Cinnamon Toast + Chatter
I look over at him as he smiles and laughs so hard that his crow’s feet appear and no sound comes out of his mouth. I don’t remember what I said that made him laugh like that, all I know is that I am laughing too. His bronze skin glistening as his hairline perspires in result of the August sun. After surveying the recent building progress that is our home, we drive toward the city where we live out our next few months in our first apartment as a married couple. We have gas station food in one hand and sodas in Styrofoam cups but you’d think we were on our way to glory. I talk about my top 3 girl’s names for our baby one day while he replies with the top 3 boy’s names and finishes very quickly, “but we’re not ready yet, love. We just need some more time.” So I smile and look out the window and suddenly appreciate this quiet time with my husband that one day will be changed. Forever.
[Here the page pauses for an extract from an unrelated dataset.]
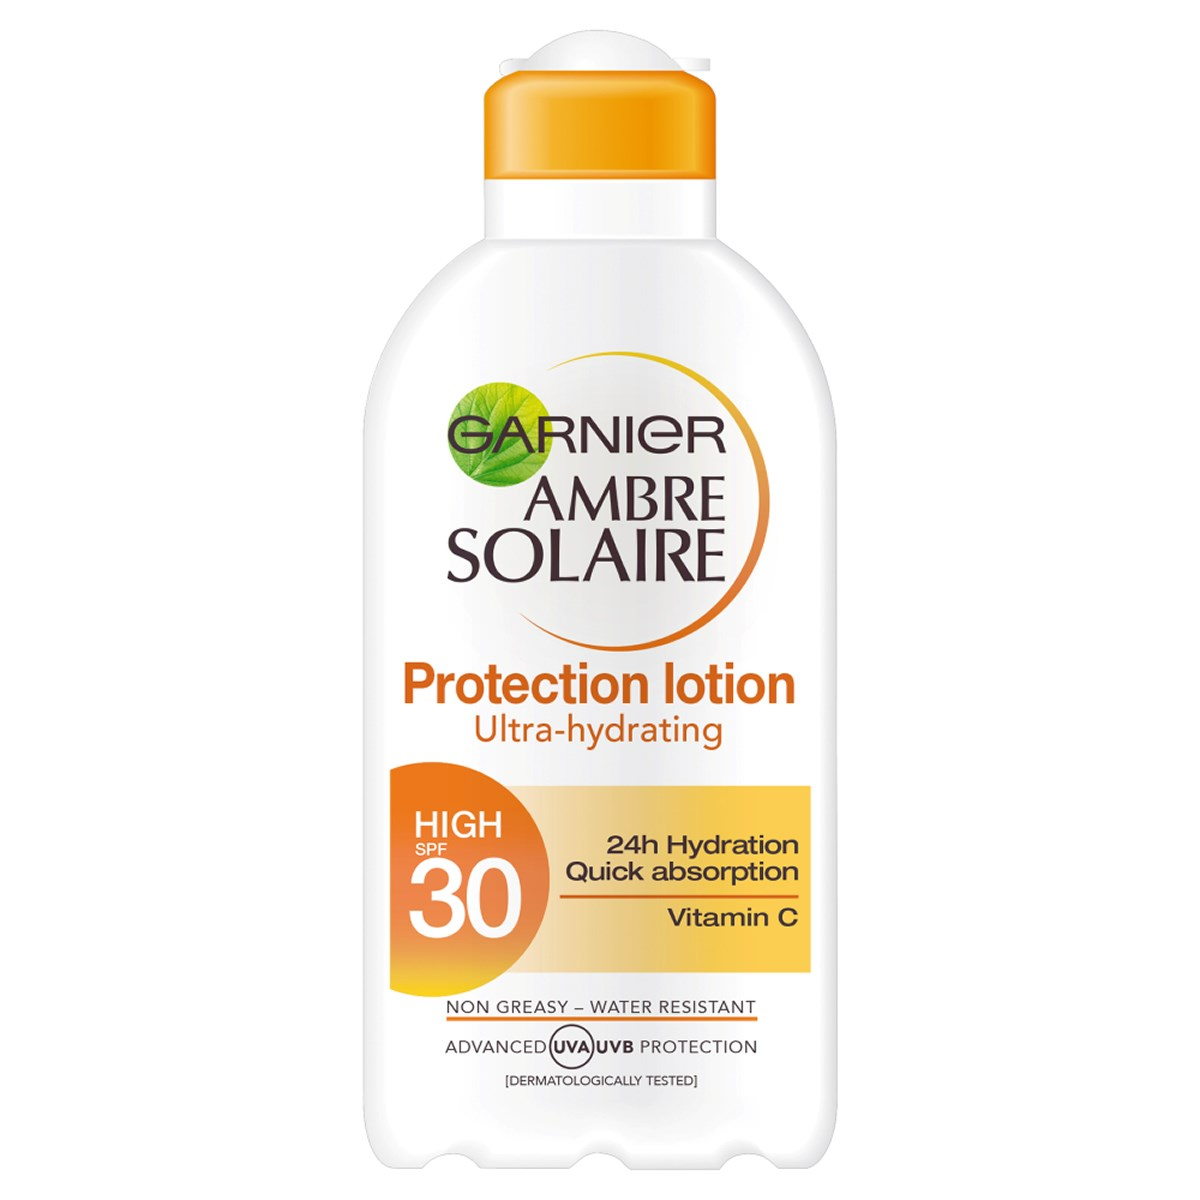 Garnier Ambre Solaire Vitamin C Protection Lotion SPF30

One day I will be naming the farm animals with our baby while my husband focuses on traffic. One day I will be up at 2 am lullabying the baby back to sleep instead of making midnight brownies with Daniel because we can’t sleep and have a hankering for sweets. One day our Saturday Netflix binges will no longer exist because we’d rather take our kids to their morning t-ball game, spend a couple hours at the children’s library, all pile on mommy and daddy’s big bed for an afternoon nap, then finish the day with dinner at grandma and grandpa’s farm. It’s beautiful to think about, the ideal future we all ponder. Sometimes I get so caught up in building my future that I forget about building my present. Am I appreciating this little apartment we have on the second floor in the city? We have it easy right now that we’re paying rent rather than a mortgage. Am I enjoying our quiet, uninterrupted mornings of cinnamon toast and chatter? Am I appreciating my partner for who he is today? He is young, creative, spry, and ready for adventure. Am I appreciating him before he changes tomorrow and before he becomes a dad and we change forever?
It really is astounding when you take a step back and look at a moment for what it truly is. Not a potential Instagram post that will be forgotten tomorrow, not a fleeting minute where you’re waiting for the next. Just now. For what it is. As I venture through my discovery of slow living, I have noticed that I am discovering more of myself, as well. I think I like this journey I am on.